You have 2" spacers?!!!!?


----------



## GM4life (Mar 18, 2007)

Yeah the height is not a big issue. The offset and the width, mostly the front would be the issue. I didn't know the bolt patterns were the same. The GTO have 5x120.


----------



## gtogooch (Dec 12, 2009)

Im just going by some of the threads I have seen on here with peoples responses. The vette wheels are 4-3/4 which is like 124mm. Ive seen guys say they have vette wheels on there GTOs and said they dont have any vibration. I am just going by what people on here are saying, I'm not dumb. I know what is what I am just trying to see if anyone has tried it.

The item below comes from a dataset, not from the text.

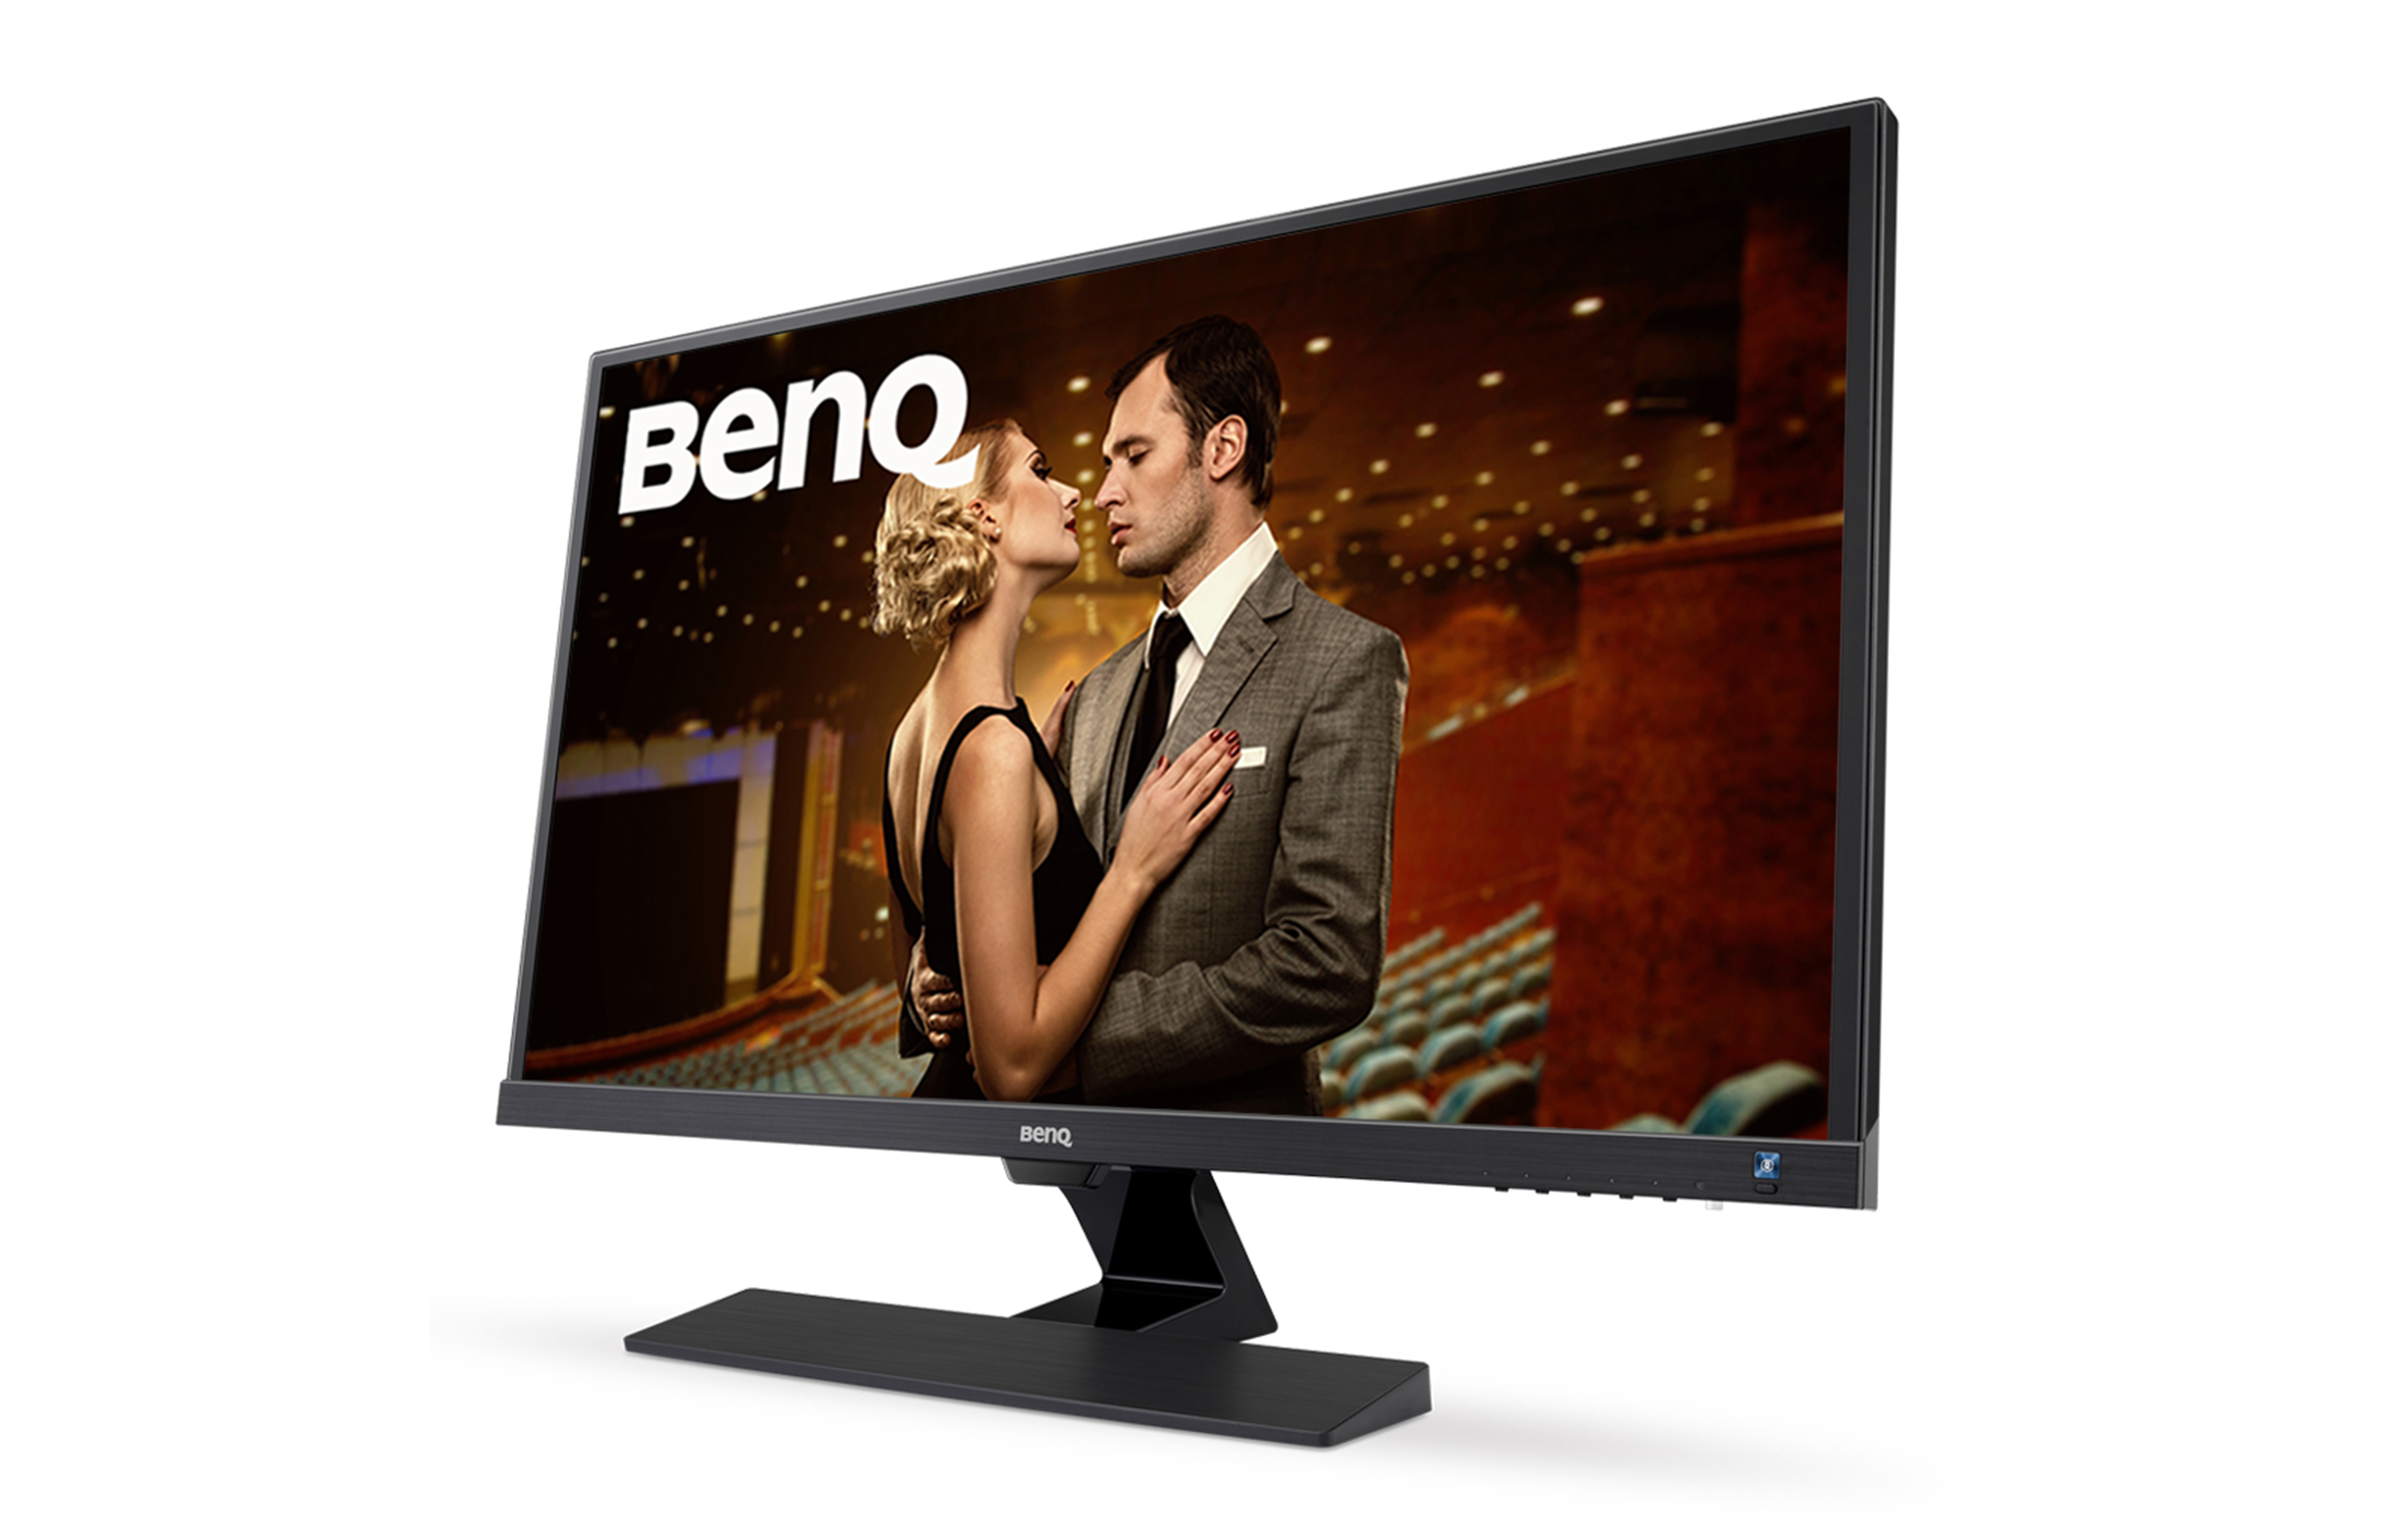 BenQ LCD EW3270ZL 32'' wide/AMVA+ LED/WQHD 2560x1440/4ms/HDMI/DP/MiniDP/repro/Flicker-free/Low Blue Light
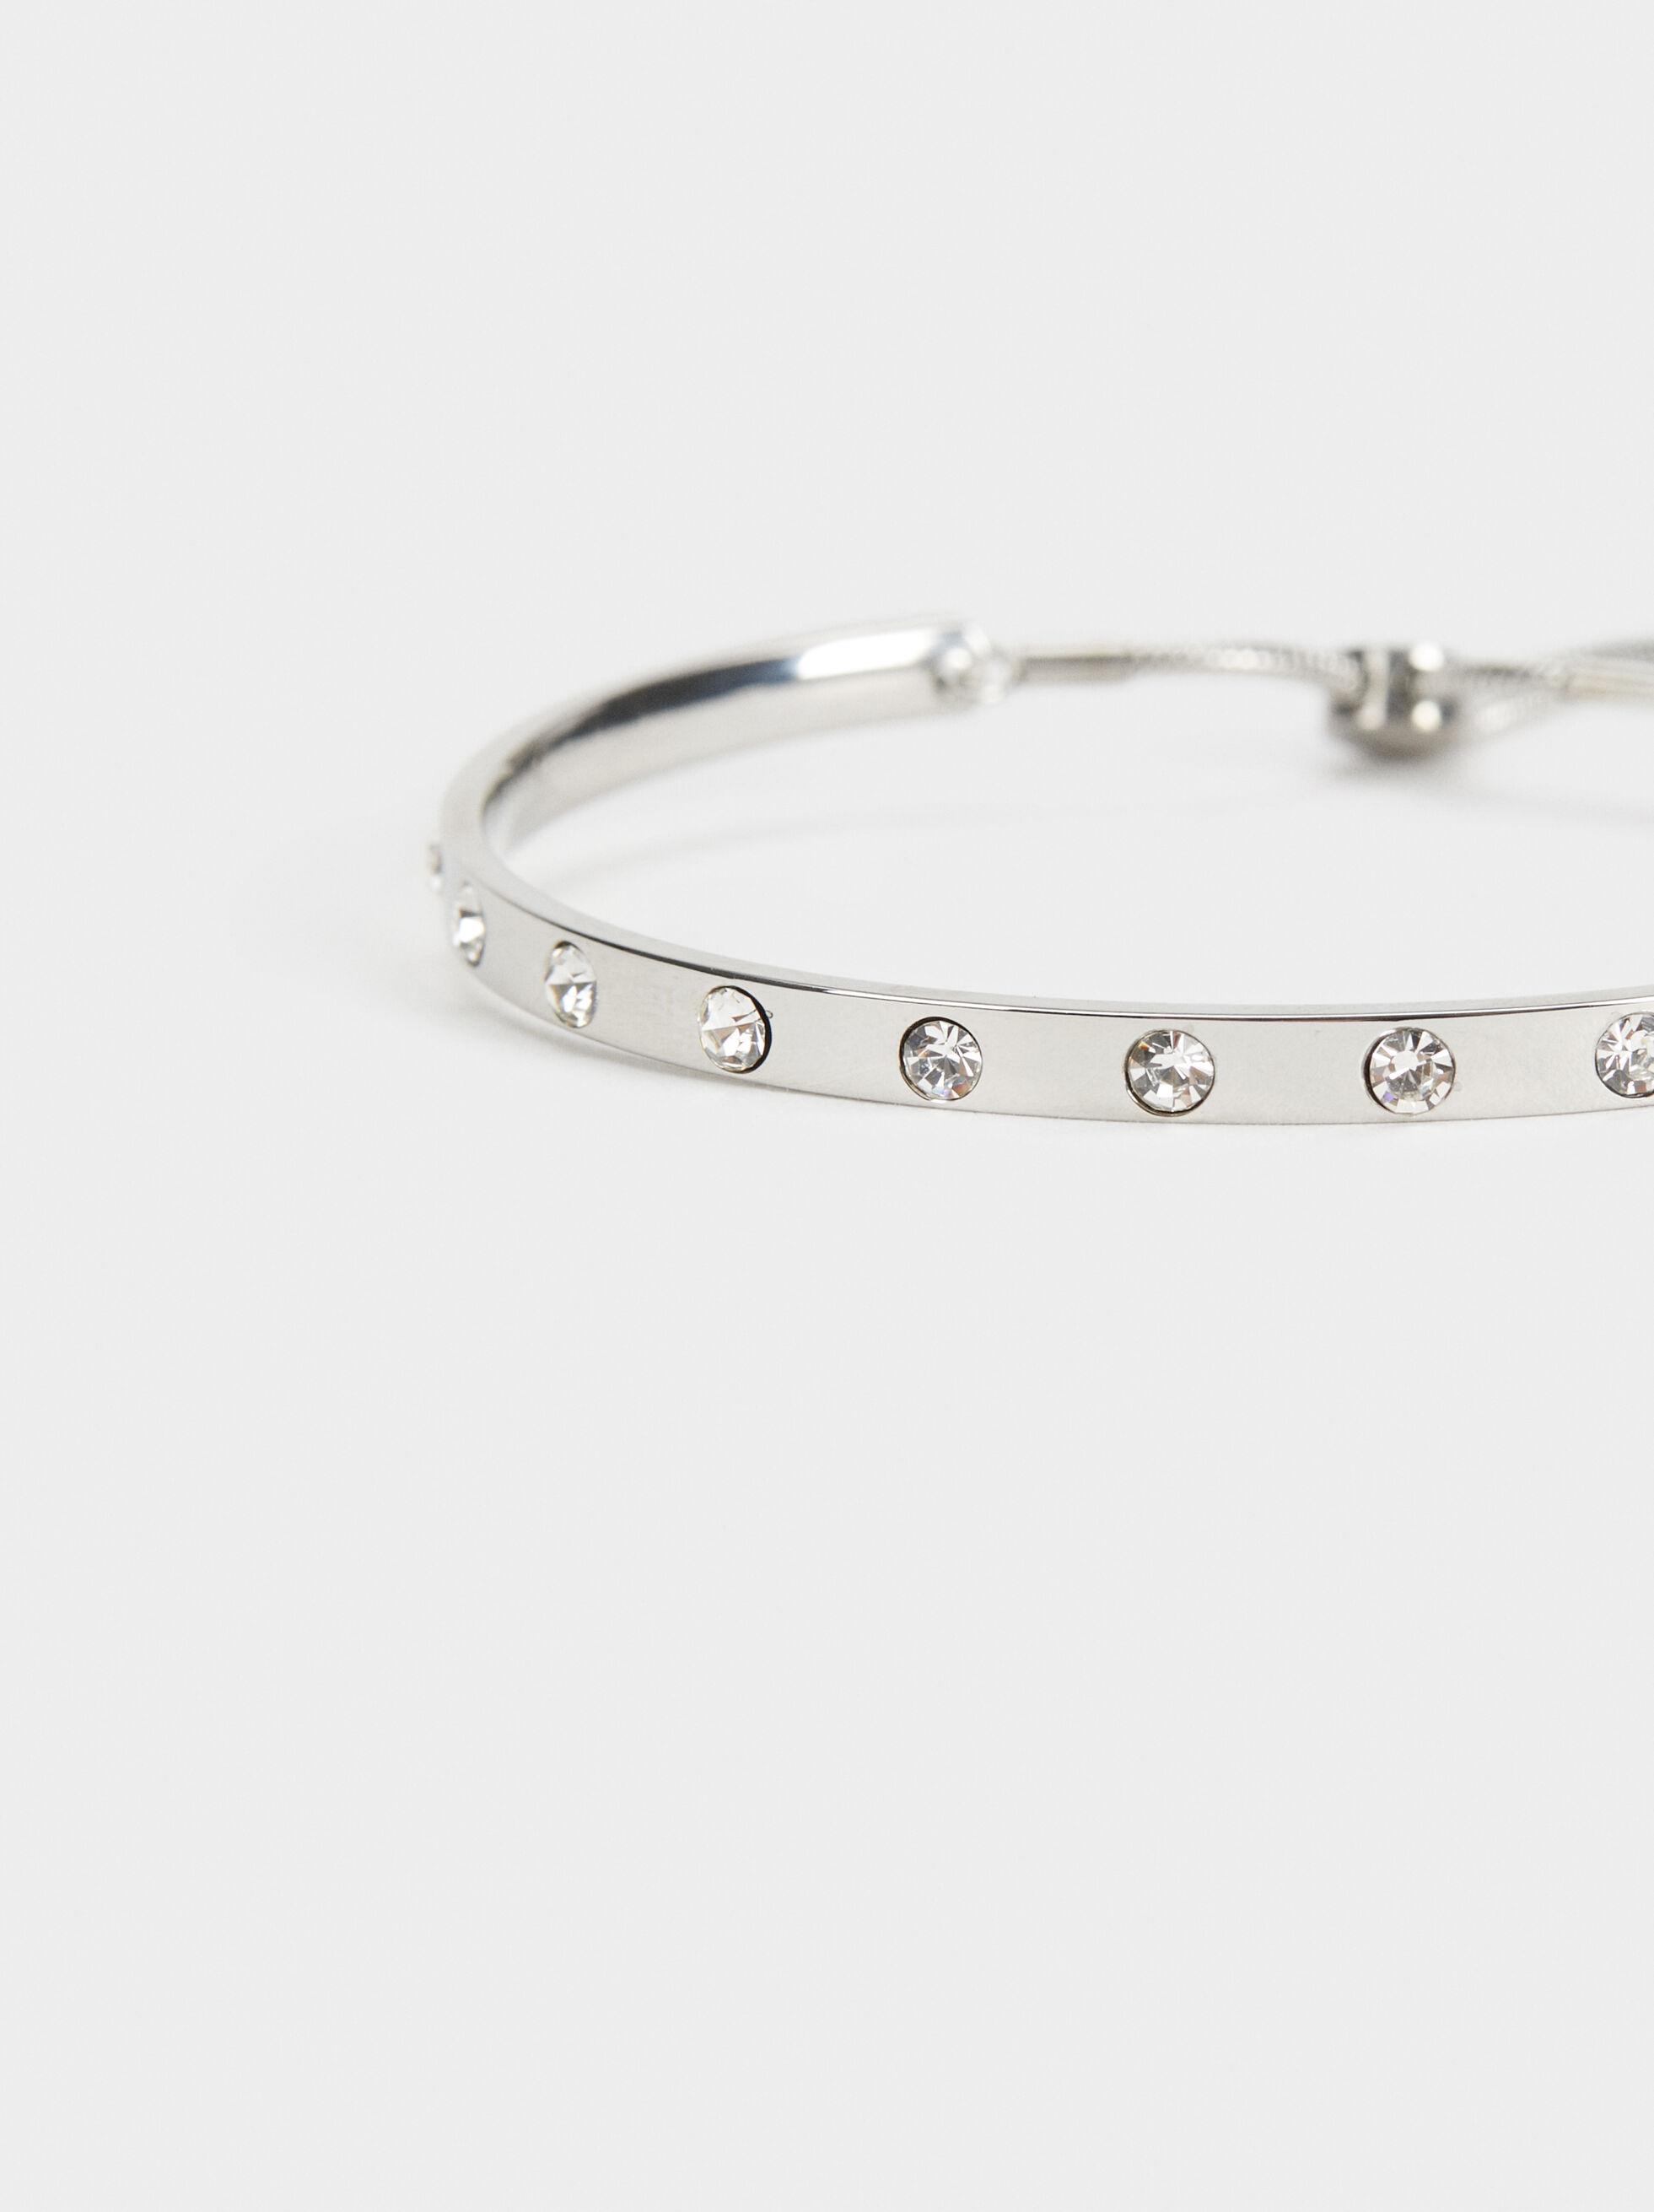 Steel Adjustable Bracelet With Rhinestones, Silver, hi-res

I know its going to be tight and yes the camaro has 2" spacers on it. The wheels fit nice and neat.


----------



## heyman (Jan 15, 2010)

Just cause they bolt on, doesn't mean they fit, Bolt pattern is 5x120 on the 04 to 06 GTO, 5x120.65 or .7 depending on source, with the taper lug, yeah they go on, but you are stressing the studs, good idea, NO


----------



## svede1212 (Nov 1, 2005)

The biggest problem I've seen with wheels not made for our car is the hub size. Our wheels are mounted on the hub (hub centric) so the studs aren't bearing the weight of the car and most wheels I've seen have a different hub cavity. BTW offset and back spacing are two different measurements and 4 3/4" are about right.


----------



## gtogooch (Dec 12, 2009)

My guess is that its more hassle than what its worth. They would look awesome, but I would feel safer for me and the car If I didnt do it. Thanks for the info guys.:seeya


----------